The temperatures have been rising lately. Warmer weather and intense solar radiation combine to melt glacial ice and snow patches. The melt water then runs down-gradient forming streams! The stream team monitors these streams to account for how much water is flowing, where it is going, and when it is going there. A major responsibility of the Stream Team is measuring stream *discharge* at many sites throughout the Dry Valleys.

A stream’s *discharge* is the *volume* of water passing a cross section of stream per unit *time*. Discharge is always expressed as volume/time (e.g. litres per second, cubic feet per second, cubic meters per second, etc.). Instead of a river, let’s think about your kitchen faucet. If you turn the faucet on and allow water to pour into a measuring cup for 30 seconds, then turn the faucet off, you’d be left with some *volume* of water (you can measure this, of course!). To calculate the *discharge* of your faucet, simply divide the *volume* of water collected by the *time* it took to collect the water (30 seconds).

When we want to calculate the discharge of a stream or a river, we would likely need a very large measuring cup to collect all of the water coming downstream for any period of time! So, we use a different approach. Turns out, we can also calculate *discharge *by multiplying the *velocity* of stream water by the cross-sectional *area* of the stream channel. *Velocity *is always expressed as length per time and *area* is always expressed as length squared. Multiplying *velocity *by *area*, we get *volume per time *(e.g. litres per second, cubic feet per second, cubic meters per second, etc.). Simply a different path to the same result – a *discharge* measurement!

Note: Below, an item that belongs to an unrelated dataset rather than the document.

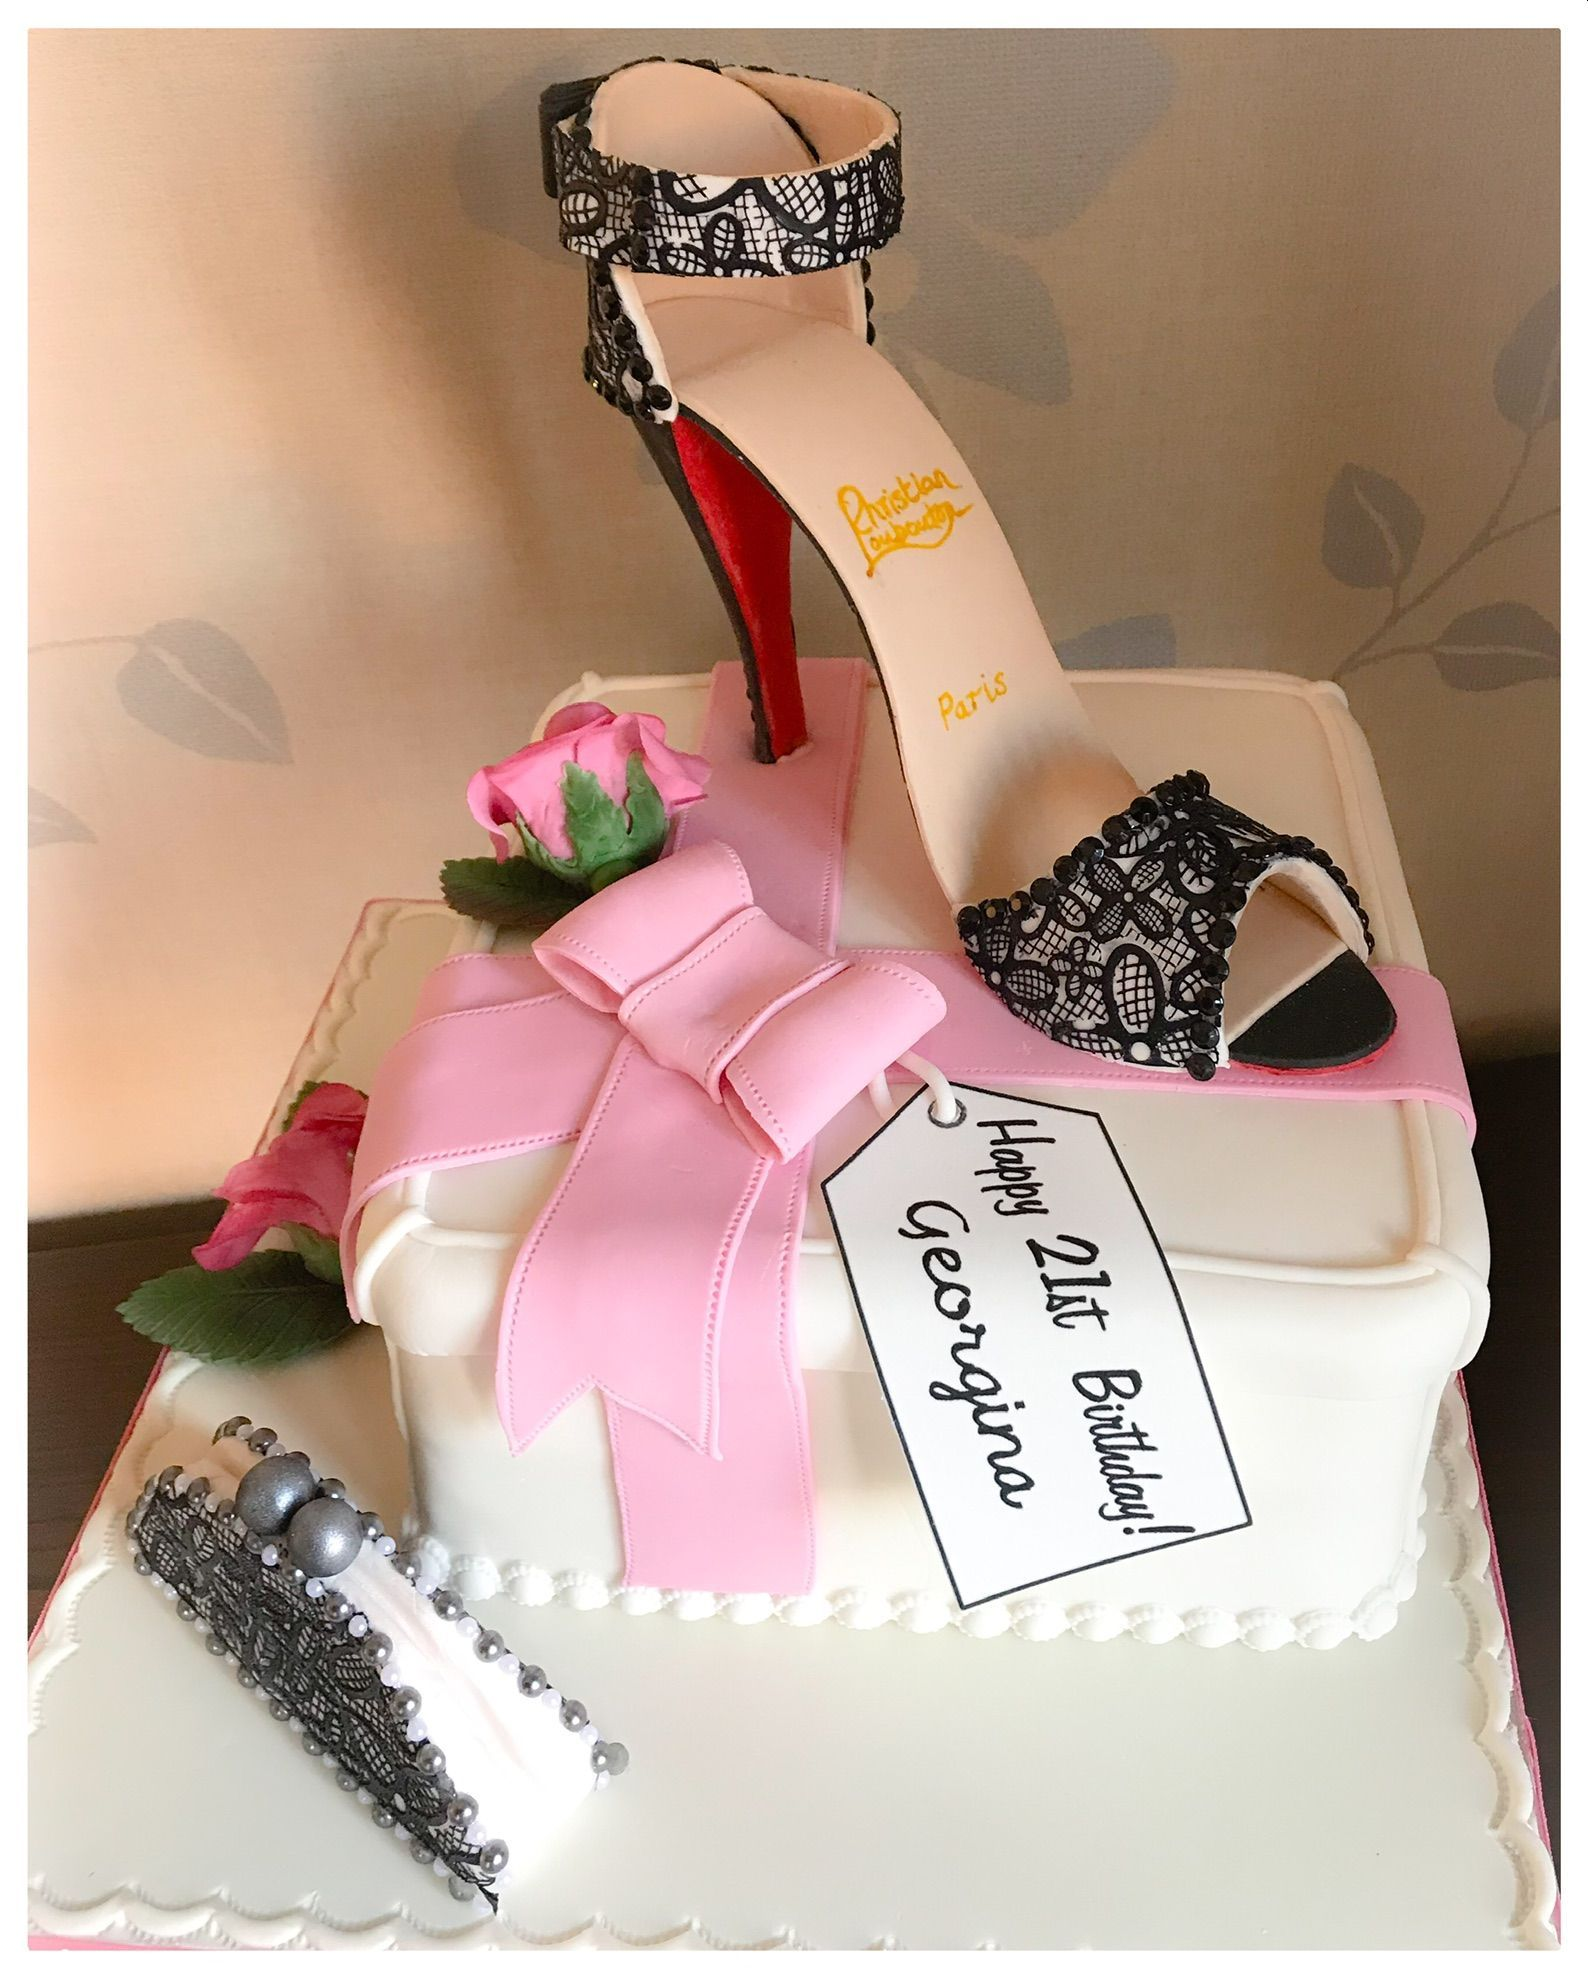 louiboutin 21st cake 2

My friends and I have been graciously trusted with fancy and expensive instruments, which can accurately measure the velocity of flowing stream water, as well as the cross-sectional area of the stream channel. So, whenever we have the chance to visit a stream, we can easily measure discharge. But, we cant be everywhere all the time. So the dilemma arises – How can we know the discharge of many streams in the Dry Valleys all the time?

Turns out, my friends and I have also been graciously trusted with fancy devices that measure the height of water flowing over top of them. We call these devices “stage loggers,” because they can continuously measure the stage (i.e. height) of water, and store the measurements on a small computer chip (data logger). We can deploy a stage logger in a stream and then walk away, knowing that we’ll return to a wealth of data, telling us the height of water in the stream over time. So, lets recap a bit. We are able to measure the discharge of the stream sometimes, but we can measure the stage of a stream all the time.

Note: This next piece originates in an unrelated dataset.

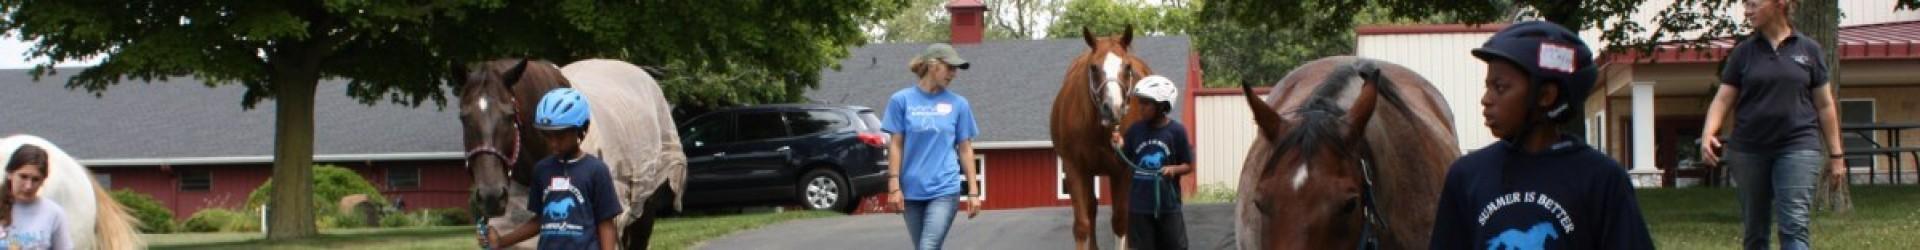 Header - Horses

We use something called “rating curves,” to relate stream stage to stream discharge. “Rating curves,” are mathematical relationships (*discharge = f(stage)*) between stage and discharge, which allow us to estimate a stream’s discharge, given a steam’s stage. To establish these relationships, we maintain and build control structures. Control structures are built to back-up flowing water behind the structure. This enables us to get very accurate stage measurements at very low flows and very high flows, alike. Below is a photo of our team, working on a control structure located on the Onyx River. Usually these are constructed out of sand bags and rocks.

That’s the brief basics of measuring discharge with rating-curves!

Cheers,

Adam

p.s science is the bees knees, dude.